Перекрестил меня и удалился. А что еще было ему делать? Я же остался, ввергнутый в пучину отчаяния, преодолеть которую мог только в одиночку.
39
Но я не остановился — остановиться вовремя недоступно для Хепберна. Я приезжал в Хейлс снова. И снова, и потом еще. В меня словно бес вселился. Оказываясь в стенах Хейлса, я бросался на людей по любому поводу, ища излияния страсти в гневе, злобе, ярости, боли, ранах. Той зимой я заработал себе больше ссор с полусредними братьями, чем за пять предыдущих лет.
Да, тогда так и говорили — мастер Джон не в себе.
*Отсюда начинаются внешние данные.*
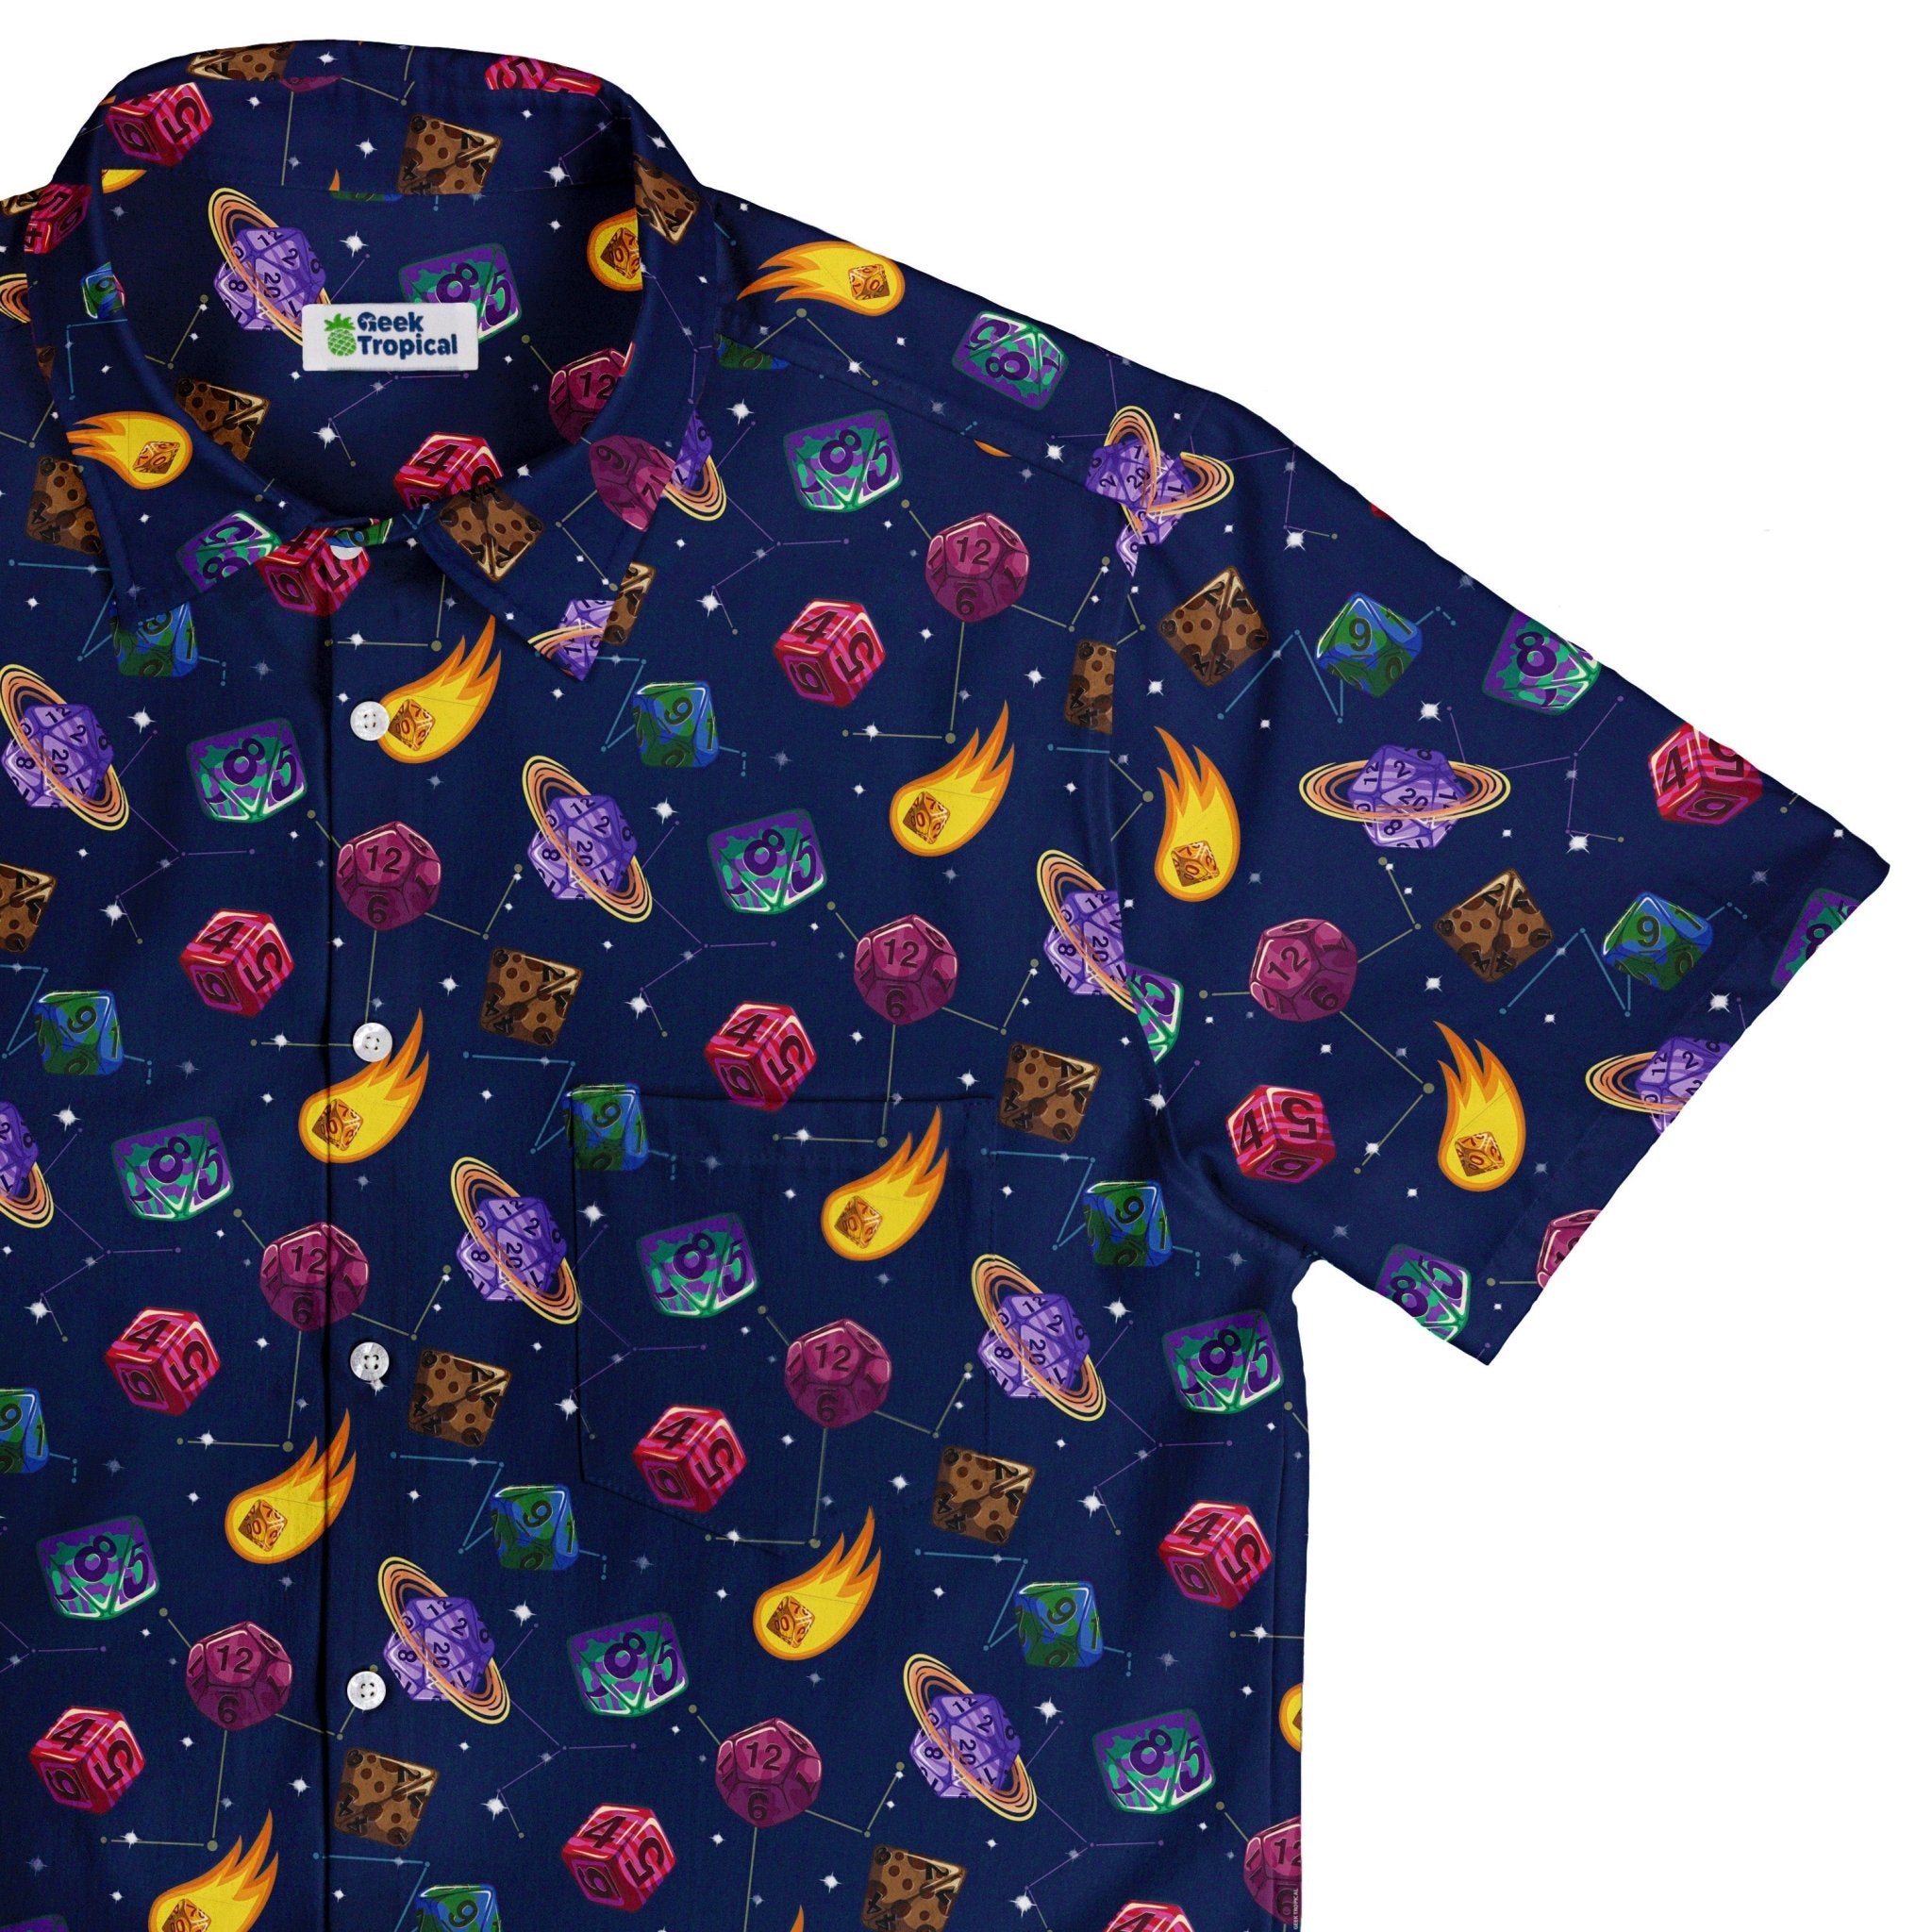 Space DND Dice Planets Button Up Shirt - adult sizing - Design by Carla Morrow - dnd & rpg print

Это было удобное объяснение, позволявшее мне пребывать в монастыре все дни, кроме тех, когда семья остро желала видеть меня. Адам недоумевал: в те поры, когда за каждый побег из монастыря в Хейлс мне полагалось быть избитым до полусмерти, я оказывался в Хейлсе чаще, чем теперь, когда мне было дано позволение покидать монастырские стены по любой прихоти! Мастер Джон не в себе, дьявол искушает его перед тем, как Господь одержит победу, склонив к жизни святой… потом уже я, напротив, оставался в Эдинбурге при любой возможности. Книги скриптория, больница и аптека, рыбные садки. Это был единственный способ не сойти с ума — затвориться от безумной страсти, скрыться от нелюбви, которой я обречен.